The man sat up, releasing Go-Go, although Go-Go continued to twist and turn as if held by invisible hands. The man was not really grimy, we saw, but extremely dark-skinned, black as ink, although with large patches of pink-white skin. His forehead, the area around his right eye, his right cheek, and chin were all ghostly, without pigmentation. Later, we managed to find a way to ask Gwen's father about this without revealing why we were asking. He explained that a person with this skin condition wasn't a burn victim, as some of us thought, or diseased in any way. But before that explanation was offered, we speculated at length on his appearance. Leprosy, Sean said. A horrible accident, Gwen said. Burned himself up smoking in bed, Tim said. Go-Go said he was a monster, and Mickey said he was just born that way, and she was closest to right.

“What are you children doing in my house?” the man asked us, although the word sounded like
chillrun
in his mouth. We would come to understand that his words were as soft and mushy as the food required by his rotting teeth, which made his breath fearsome. He didn't seem angry. He didn't even seem particularly curious. And, unlike most adults who asked that question, he apparently wanted an answer, a real one. He wasn't quizzing us as a pretext for scolding us, or setting us up, testing to see if we would lie to him. He honestly thought we might have a good reason for being there.

“We didn't know it was anyone's house,” Mickey said.

“We didn't know it was anyone's house,” Sean repeated, a little louder. Sean had a way of saying what someone else had already said, yet making the words his own.

“You knew it was
somebody's,
” the man said. His voice was mild, though. “Laundry on the line. Chickens. Didn't you see my chickens?”

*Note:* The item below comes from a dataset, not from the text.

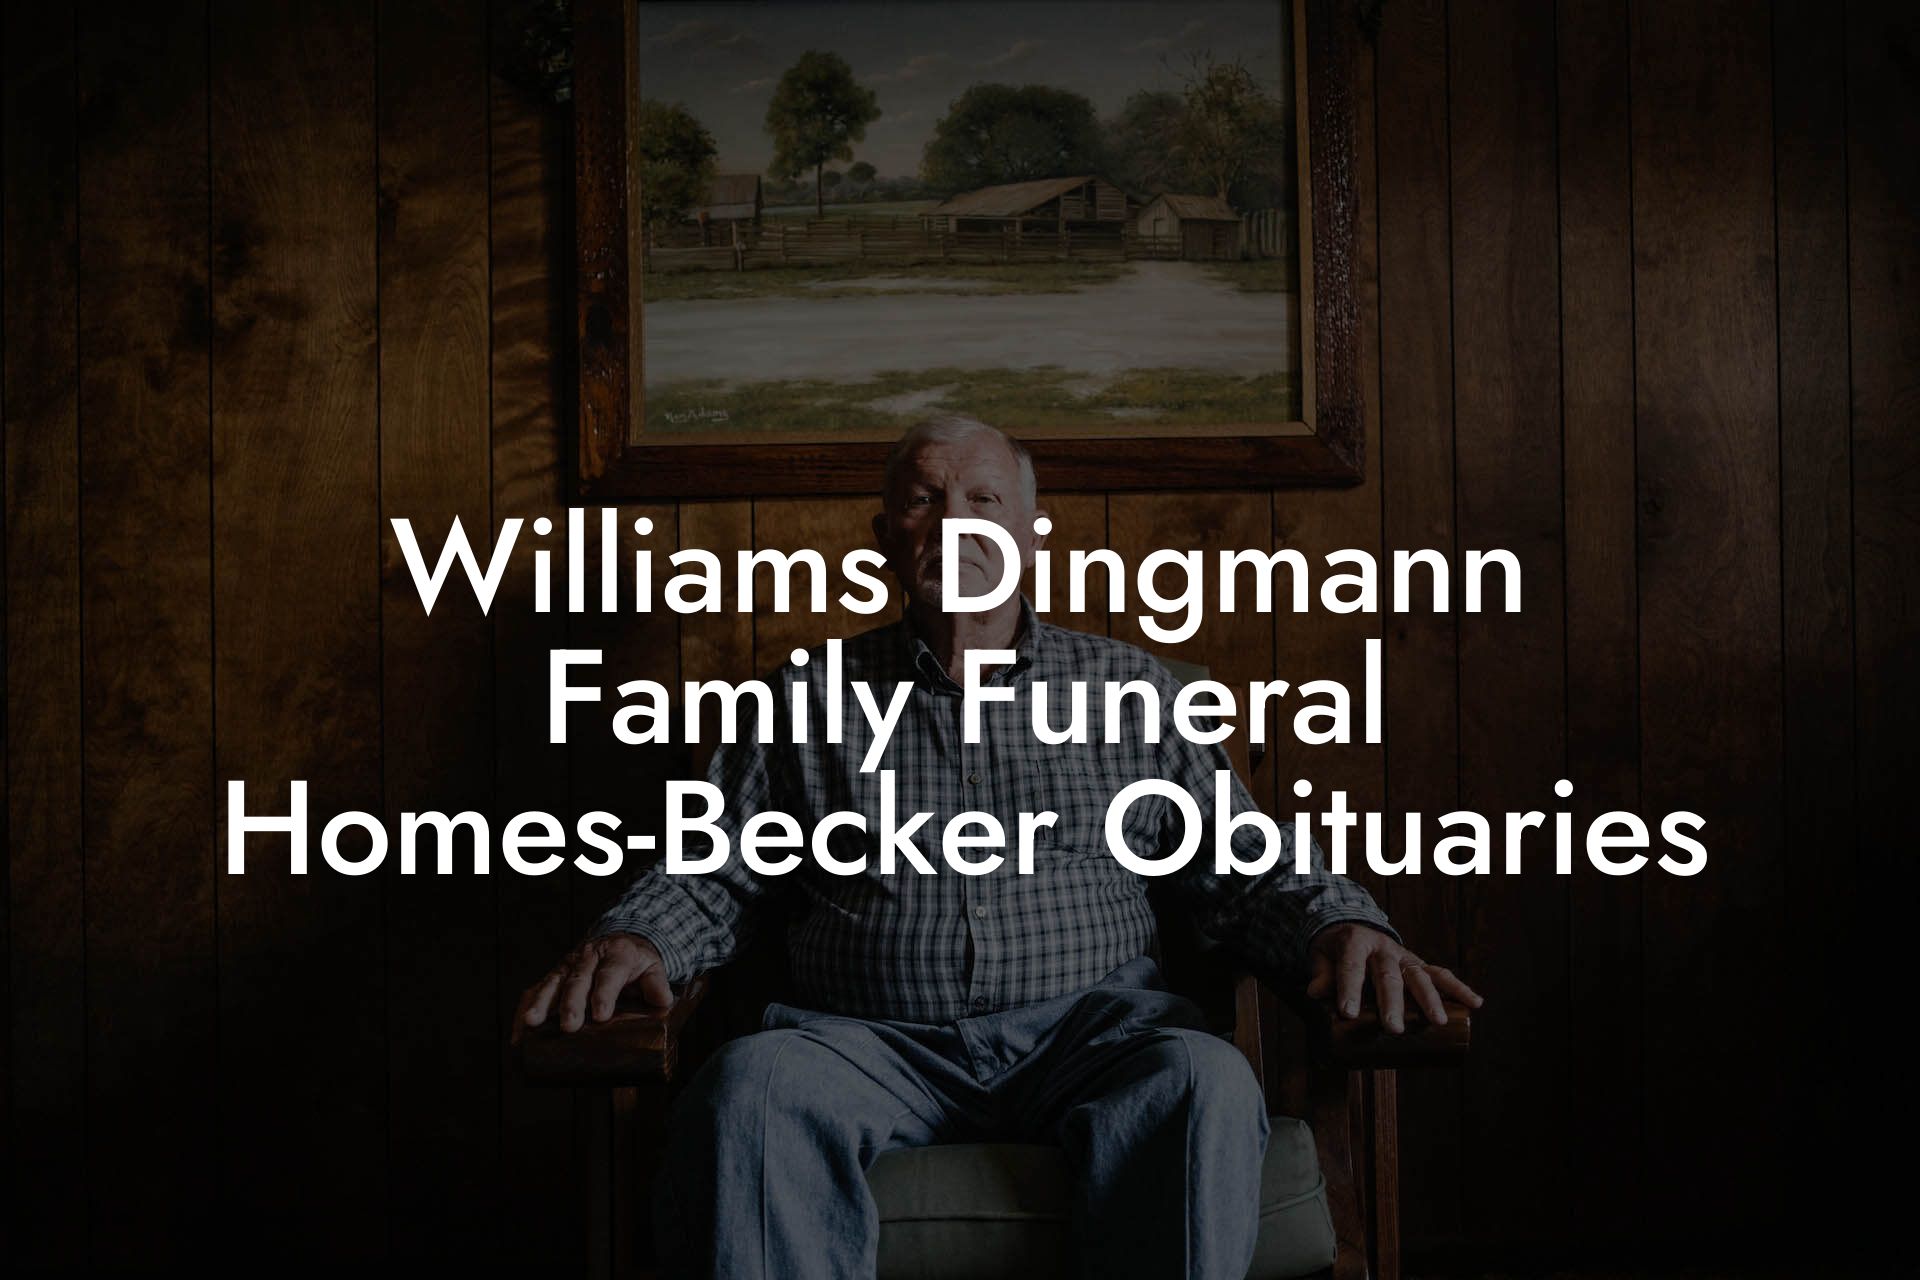 Williams Dingmann Family Funeral Homes-Becker Obituaries

He made a clucking sound, and the chickens crossed the threshold, almost as if in a parade. They gave us a wide berth, cutting as large a circle as possible in the small house. He picked up the one in the front, stroking it and cooing to it as if it were something much more cuddly, a kitten or a puppy.

“Do you eat them?” Go-Go asked, and the rest of us wanted to shush him. But the man didn't seem to mind Go-Go's question. He didn't seem to mind Go-Go, which was unusual in an adult. Go-Go got on grown-ups' nerves quickly, very quickly.

“Sure,” he said. “What else is chickens for?”

“Eggs,” Tim said.

“That's true,” the man said. “And I eat eggs, too. But I got to make do with what I have. My garden, my chickens, things that folks bring me.”

“What do you do when the cold weather comes?” Mickey asked, bold as ever.

“Build a fire in the stove. Put an extra blanket on the bed. Keep the door shut.”

“And the chickens?”

He had grown tired of the conversation, or tired of us. He bent down and pulled the guitar out from under the bed. We were kids then, all adults were old to us, but Chicken George, as we would come to call him, was especially confounding. You could have told us he was fifty, not that much older than Tim is now, or you could have told us ninety, and we wouldn't have argued. He was
old,
someone who had seen a lot and knew a lot.

He began to play the guitar and sing. His voice was awful and he didn't know the words to whatever song he was trying to play, so there were a lot of uh-huhs and moans. If Mick Jagger had been standing there, he probably would have been in ecstasy at this raw display of old-fashioned blues playing and singing, but we were callow kids. We listened to Billy Joel. Some of us still do, even if we don't admit it.

“It is customary,” he said when he finished, “to reward a man if you like his song.”